Give back the data below word for word. Any image in it should be left out.

## Supplied data

■ ■ ■ ■ ■ ■ ■

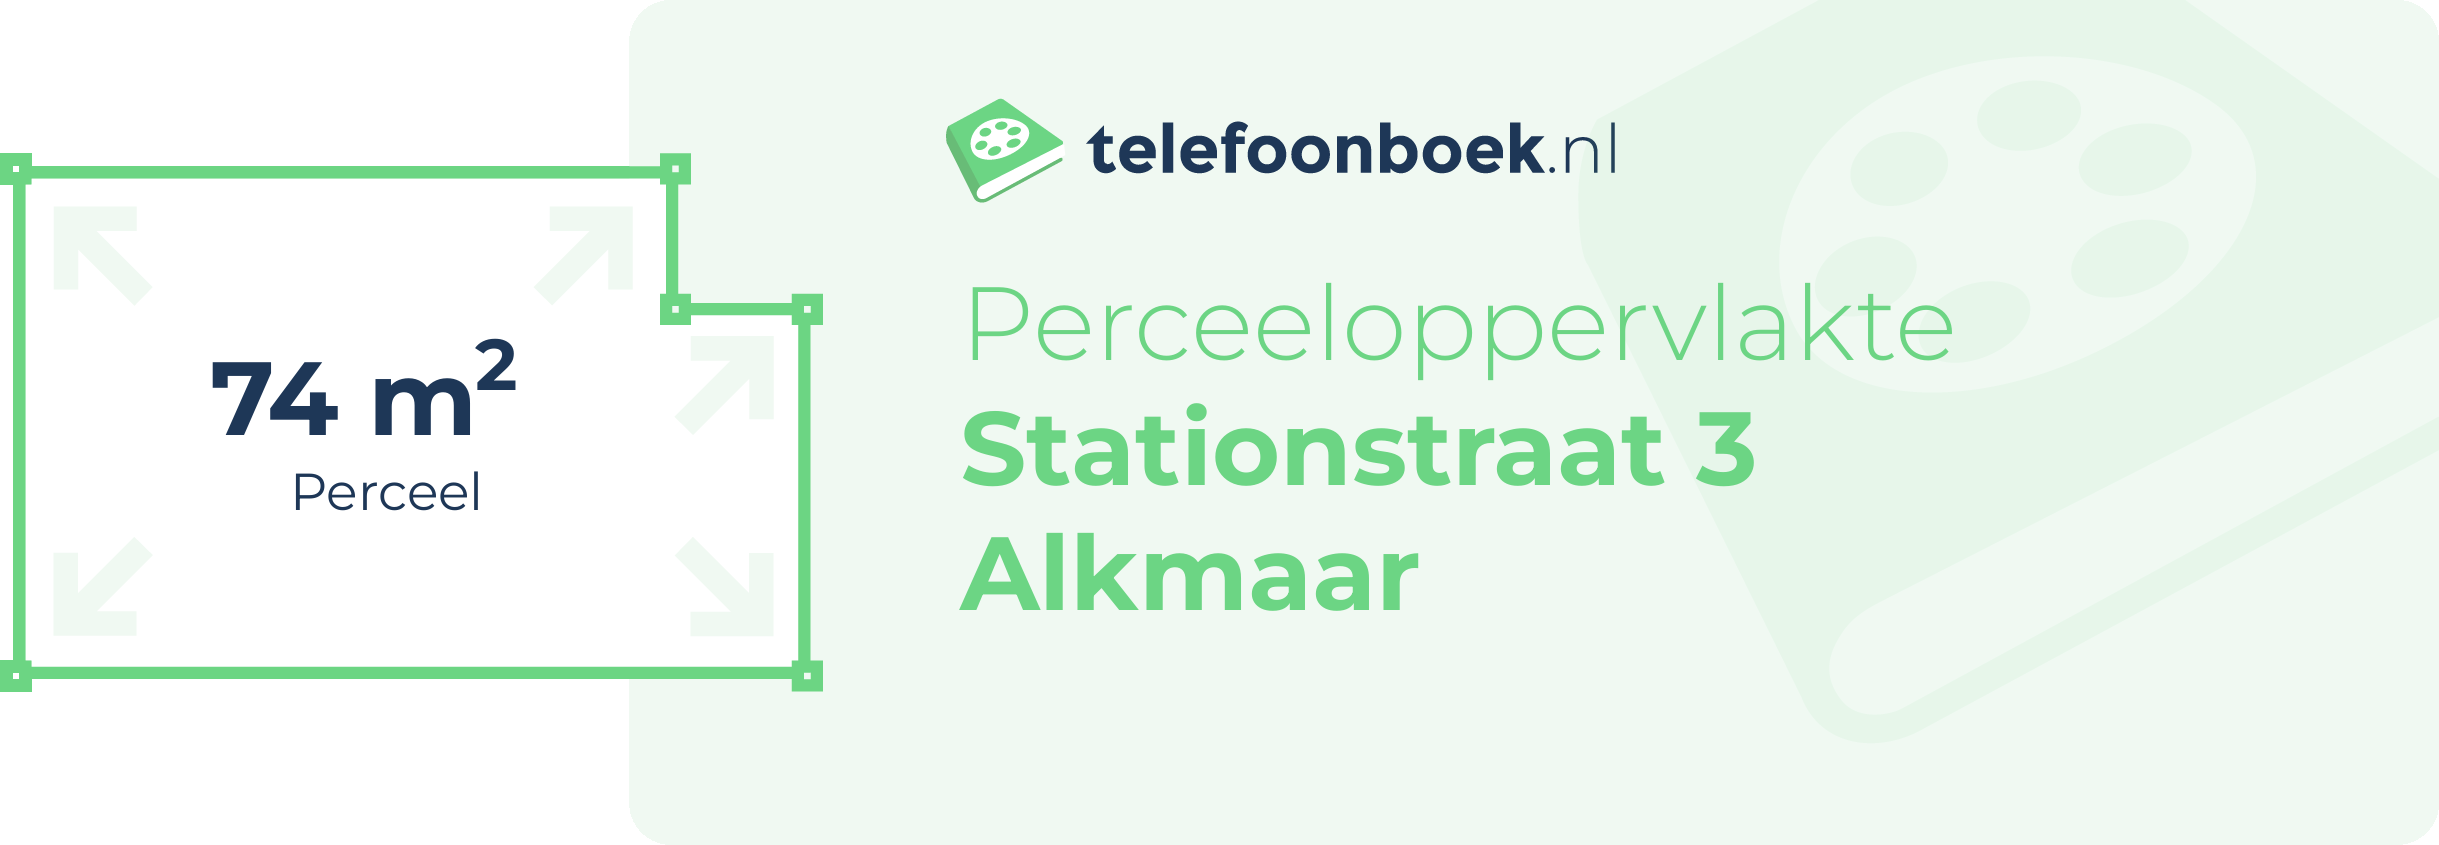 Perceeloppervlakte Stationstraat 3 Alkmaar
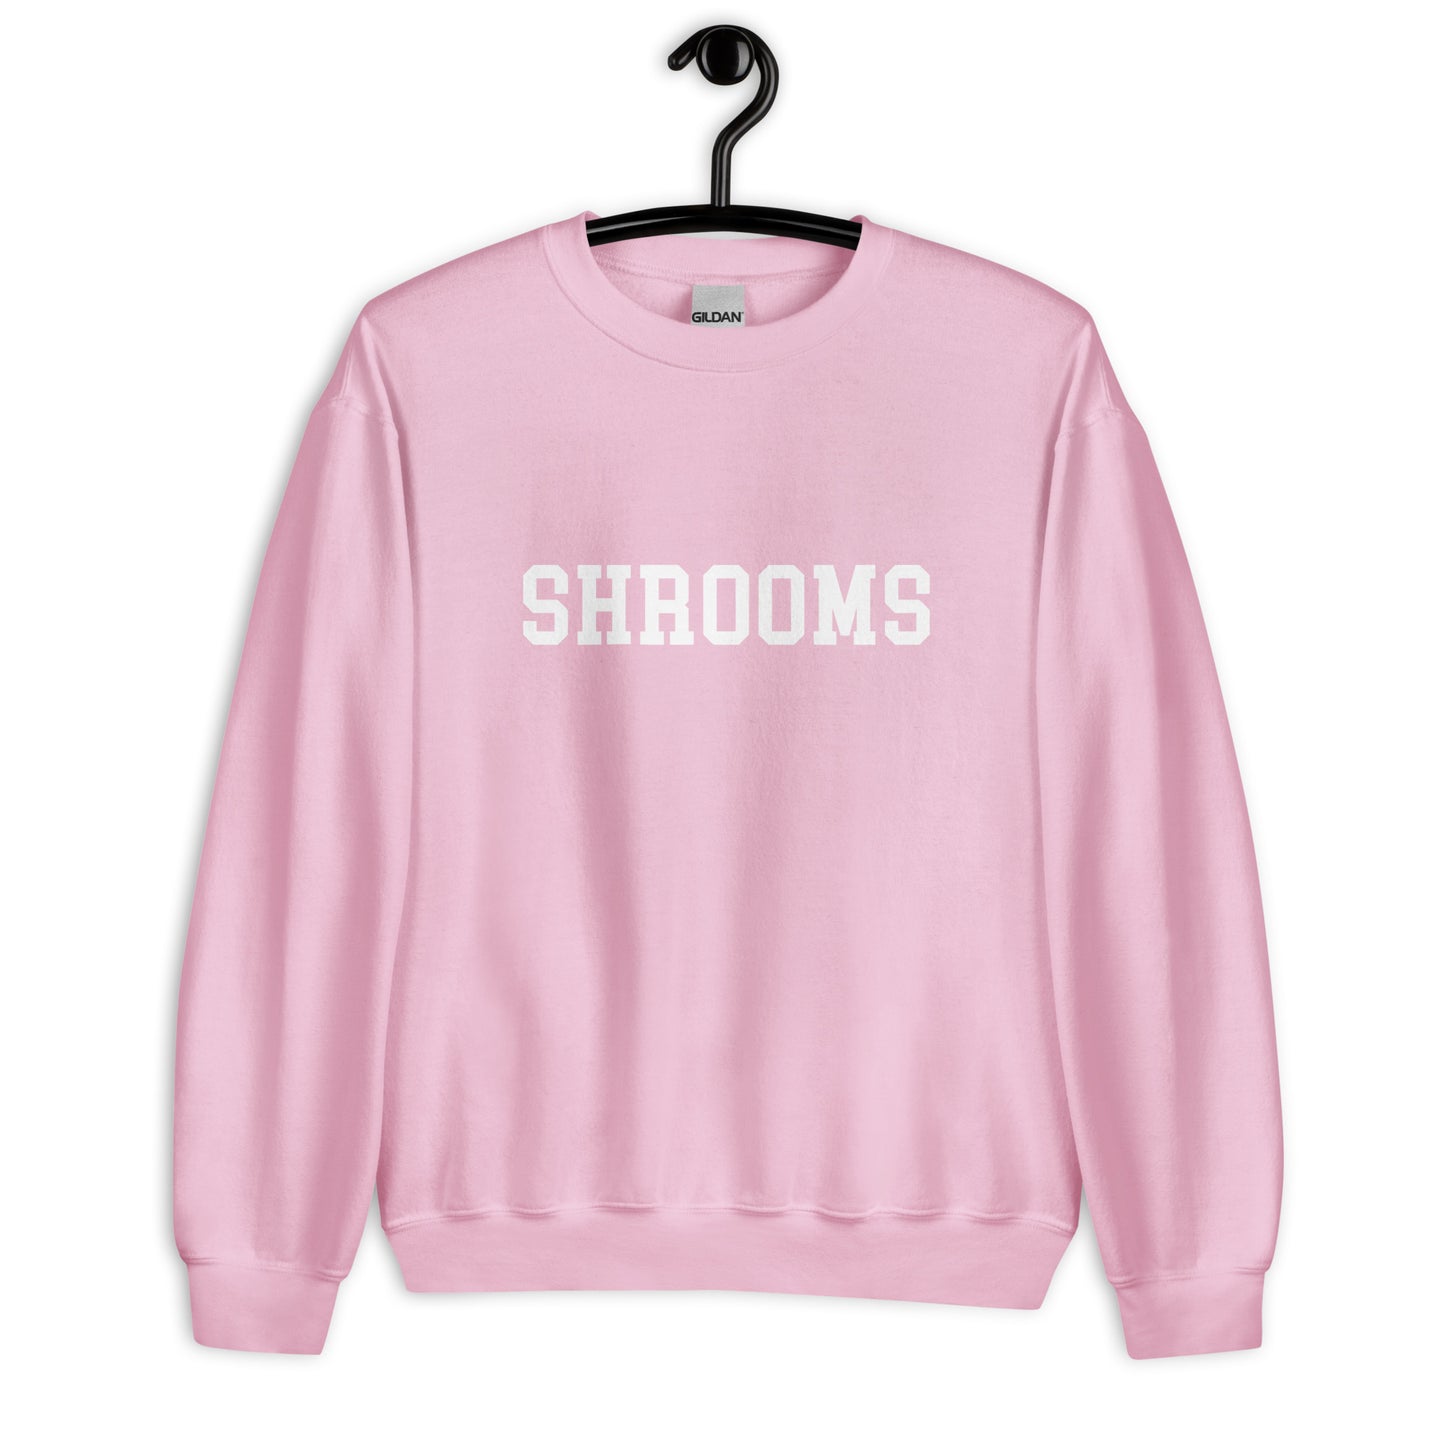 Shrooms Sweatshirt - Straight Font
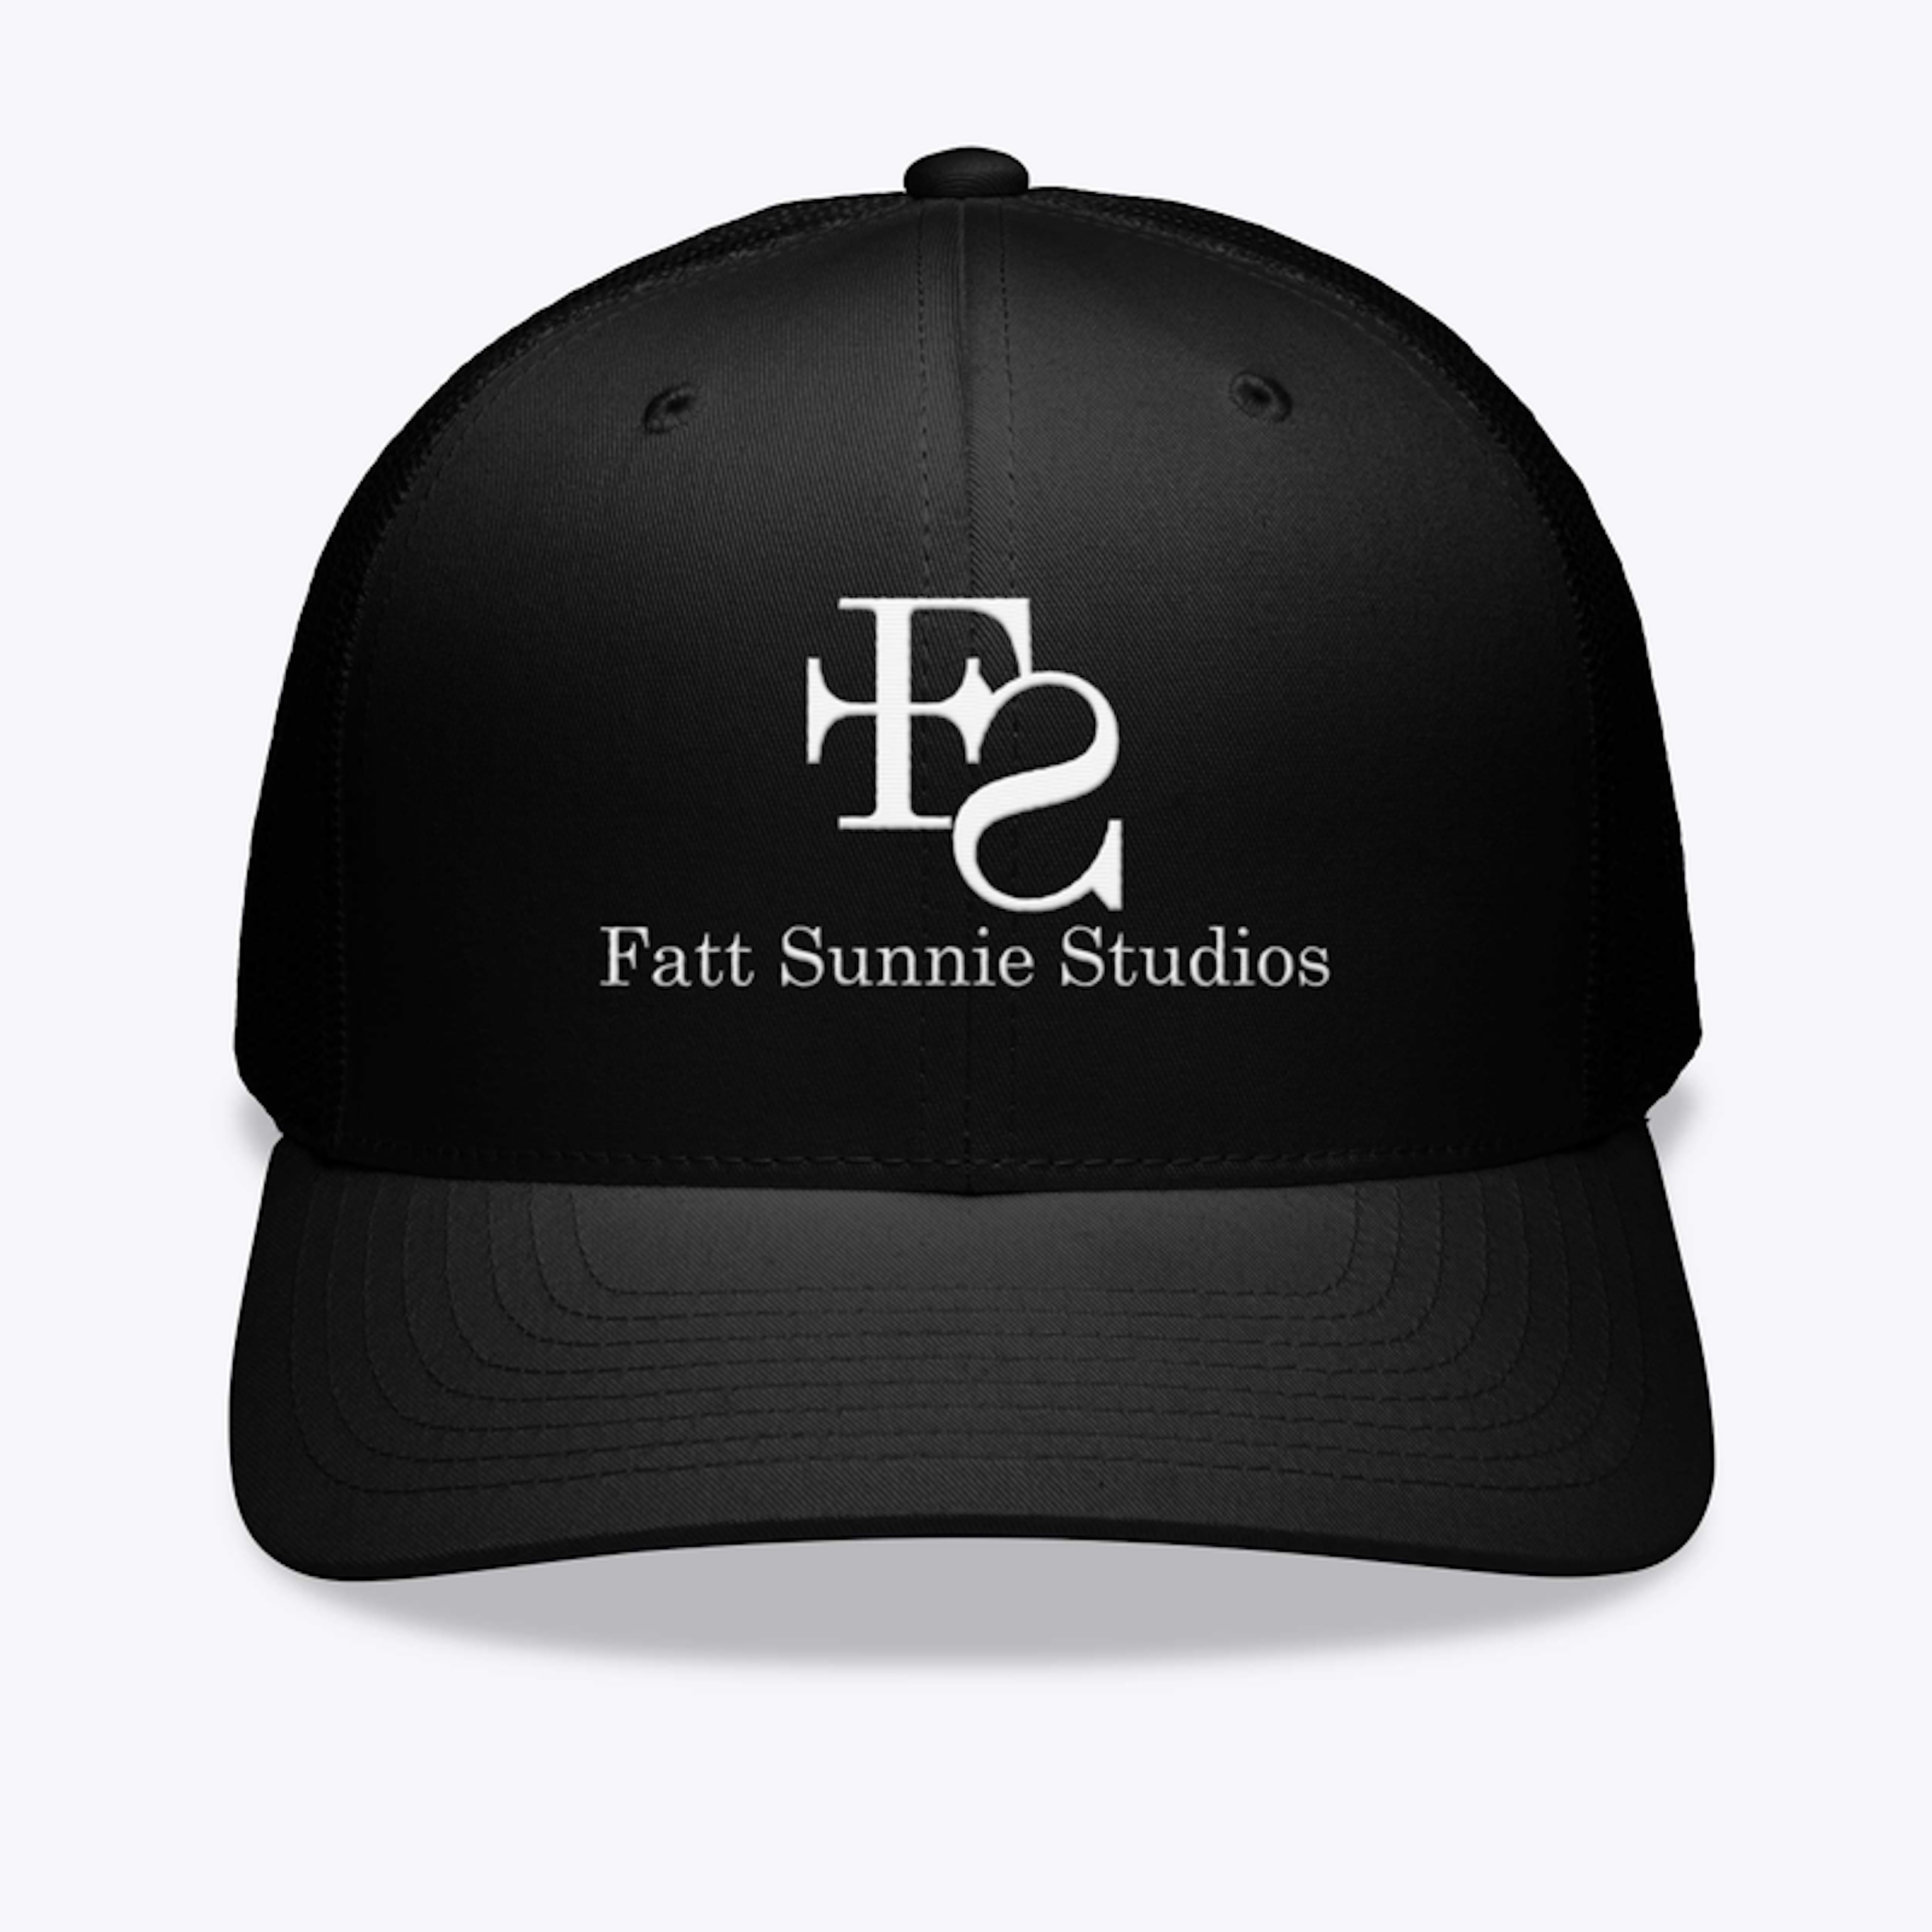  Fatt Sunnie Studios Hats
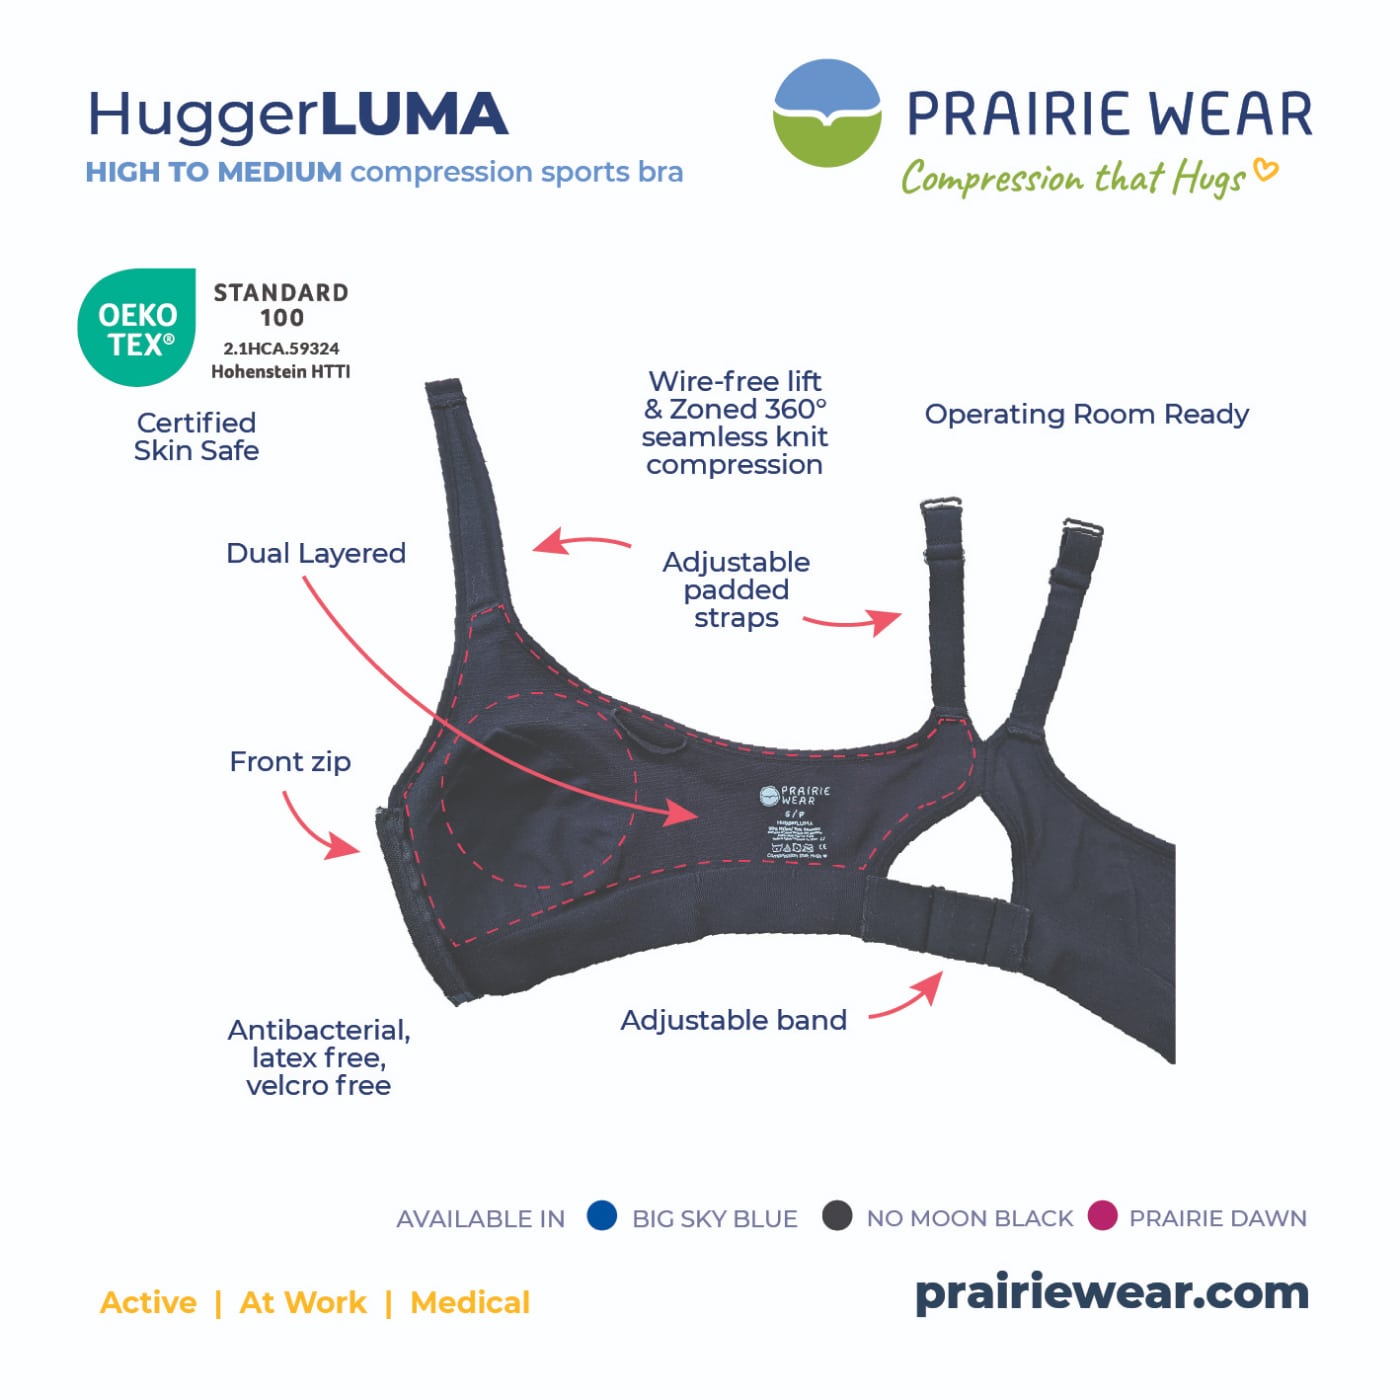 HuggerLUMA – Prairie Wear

■ ■ ■ ■ ■ ■ ■

## Solution to the exercise
 Perceeloppervlakte Stationstraat 3 Alkmaar
 Shrooms Sweatshirt - Straight Font
  Fatt Sunnie Studios Hats
 HuggerLUMA – Prairie Wear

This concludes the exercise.